KZN High Court (Durban) Judge Robin Mossop has rebuked the lawyers of a divorcing woman who launched an application for interim maintenance and attached dozens of pictures to the application which included a picture of the husband’s lipstick- and semen-stained T-shirt.

According to a Pretoria News report, Mossop said rule 43 applications are interim in nature and thus speedy and swift procedures. He questioned how the lawyers allowed reams of irrelevant documentation to be handed to court, saying the wife’s sworn statement was ‘prolix in the extreme’.

‘It contains irrelevant allegations and has attached to it literally dozens of photographs, the precise relevance of which is not clear.’

Mossop said examples of these pictures were a photograph of a handbag allegedly purchased by the husband, and messages recorded on a cellphone relating to an incident involving Viagra pills.

This was apart from the lipstick- and semen-stained shirt.

‘It is, quite frankly, scandalous that the applicant’s legal advisers have permitted such irrelevancies to find a place in this application,’ the judge said.

The wife turned to court to obtain interim maintenance from her divorcing husband, pending the final divorce, notes the Pretoria News report.

Her lawyers filed 260 pages claiming they had set out the relevant facts.

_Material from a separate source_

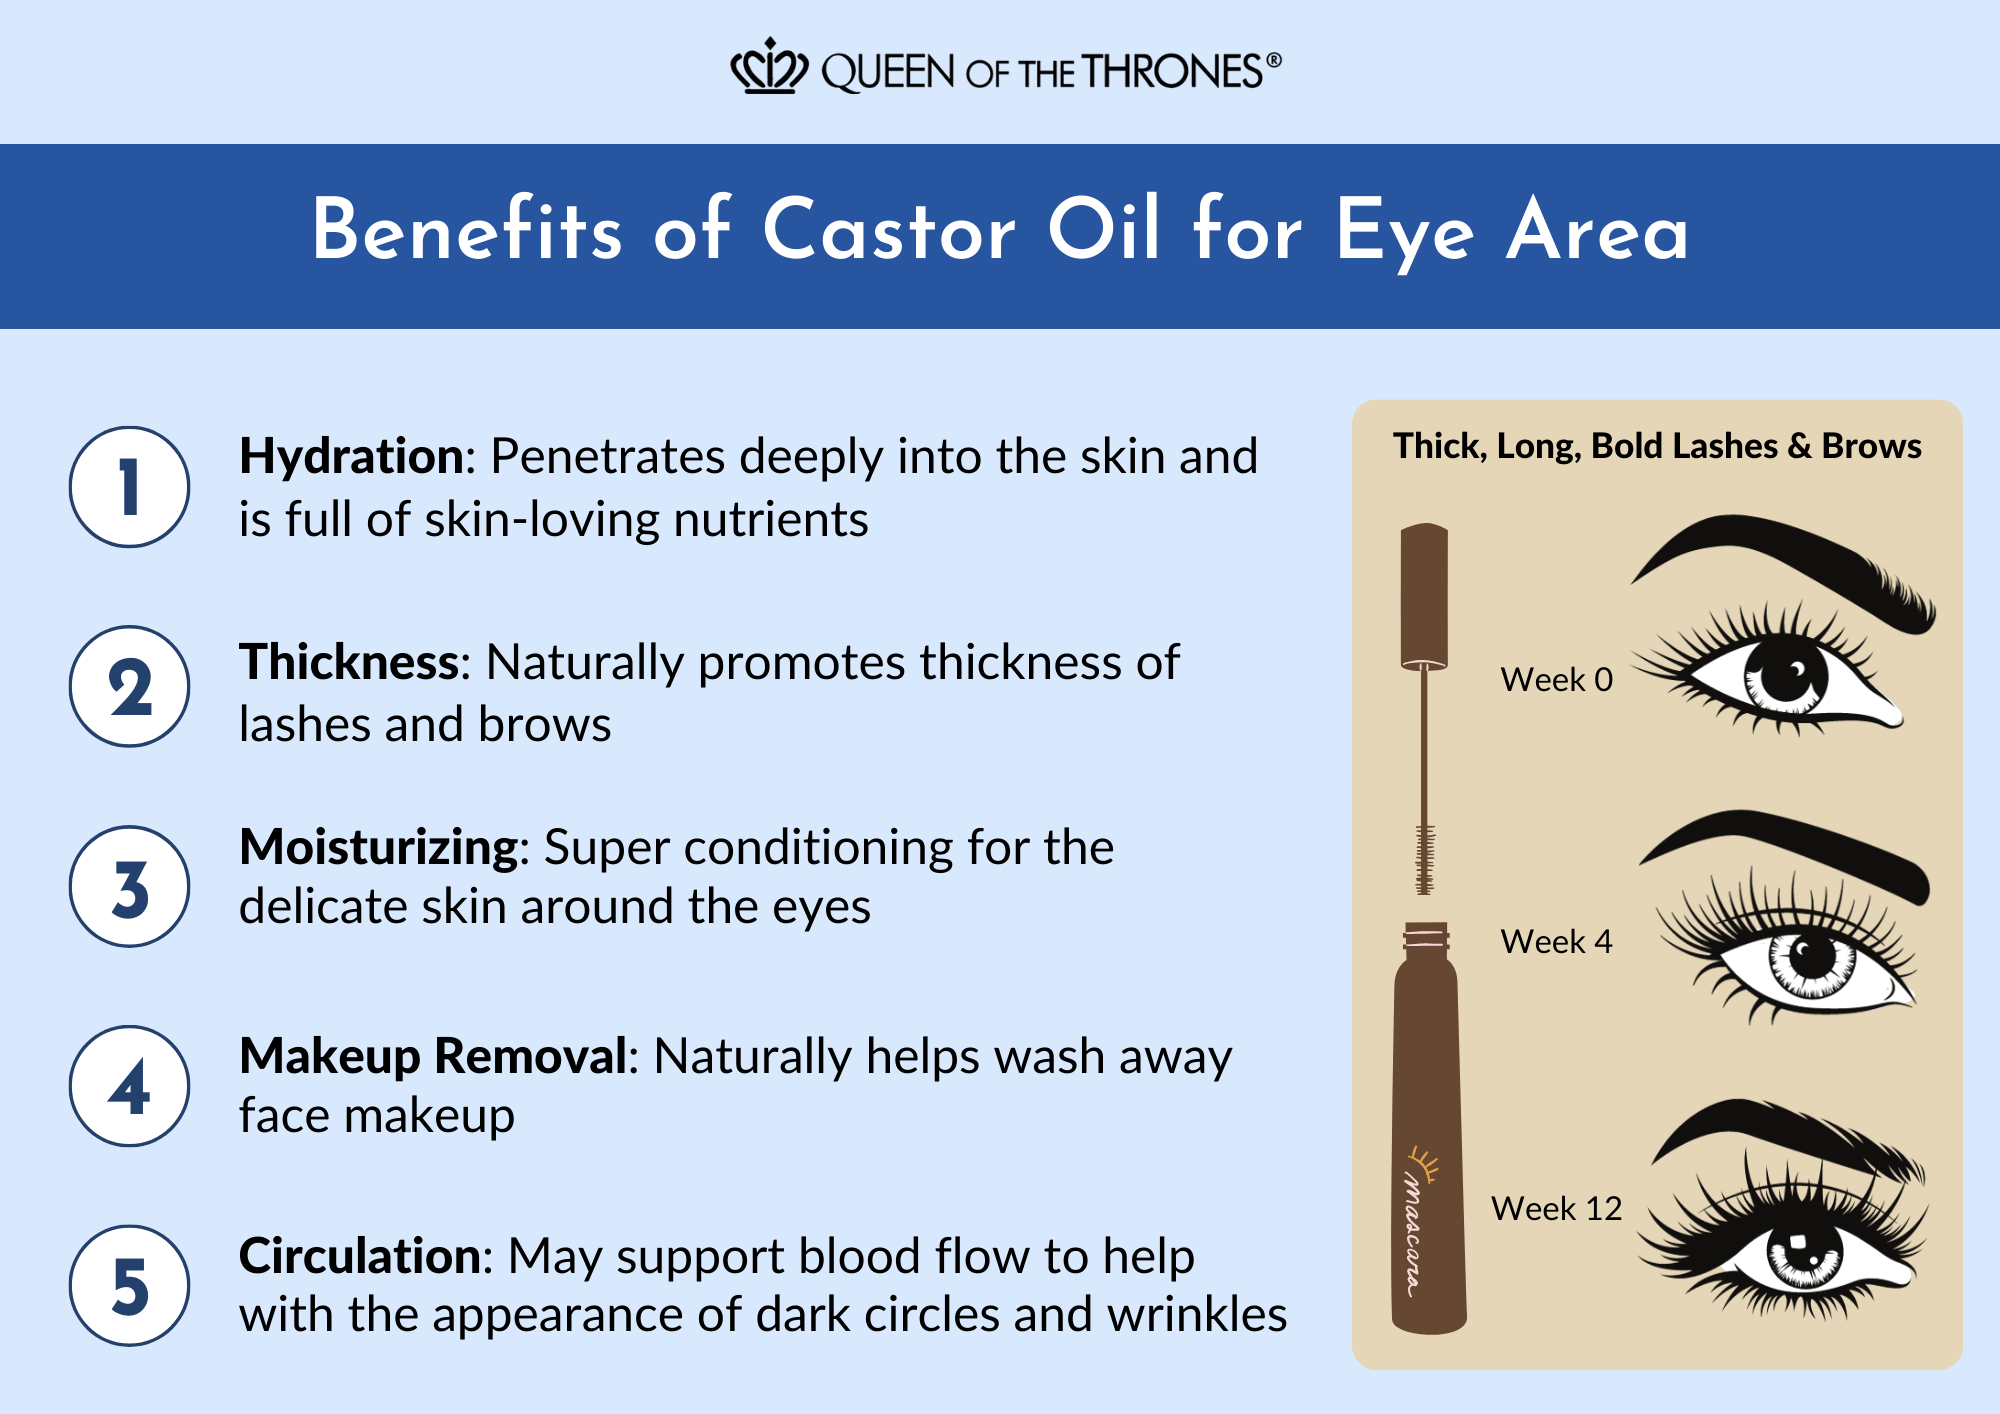 Benefits of Queen of the Thrones Castor Oil for Eyes
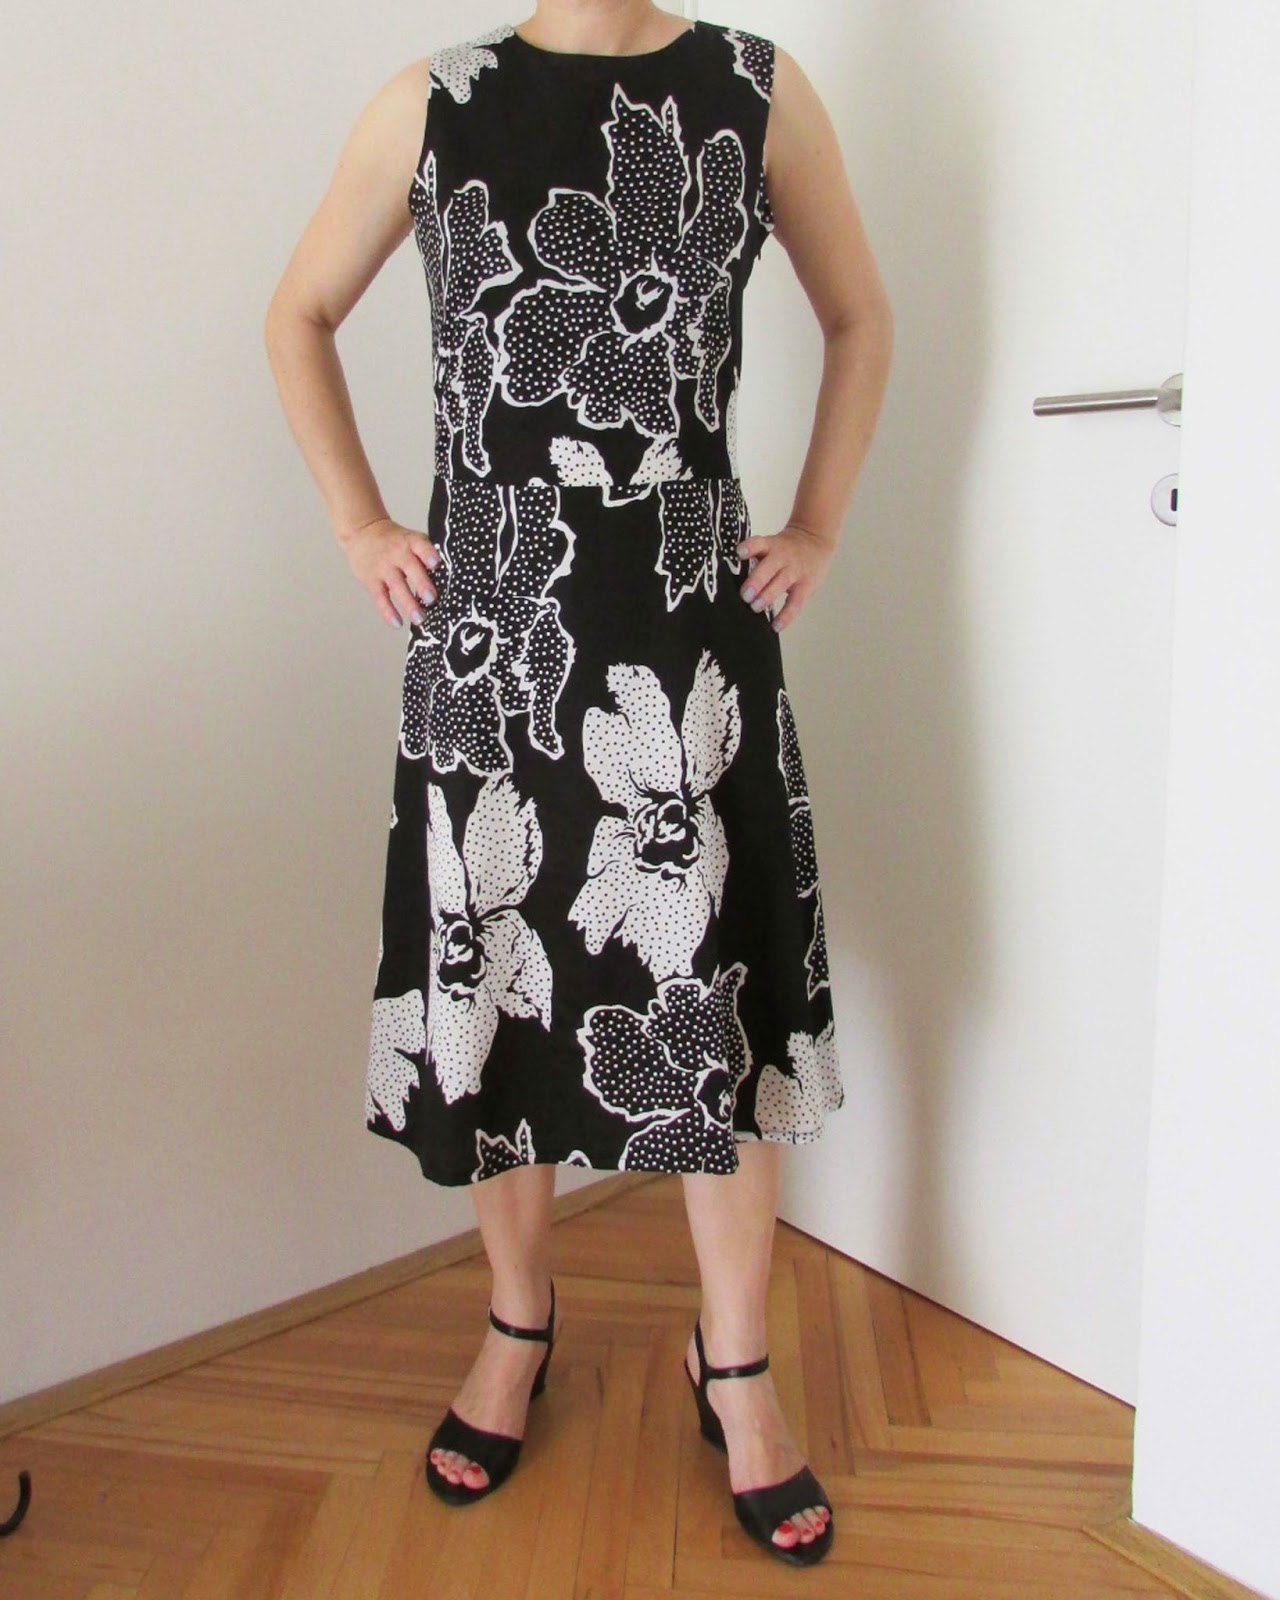 http://ladylinaland.blogspot.com/2014/07/black-and-white-dress.html

But Mossop said the relief that the applicant claimed covered five pages of the notice of application, followed by her sworn statement which ran into about 57 pages.

The rest of the documentation – about 200 – were simply annexures such as the pictures relating to her husband’s alleged antics.

Mossop said the application before him was an abuse of the court process, which the court would not allow.

He said the applicant must first present an application that complied with the prescripts of rule 43 if she wanted her application to be considered and adjudicated upon. 

Until she did so, and even in the absence of opposition from the respondent, it would not be considered.

In striking the matter from the roll, Mossop ordered that the wife’s legal team may not charge her at all for bringing the application to court.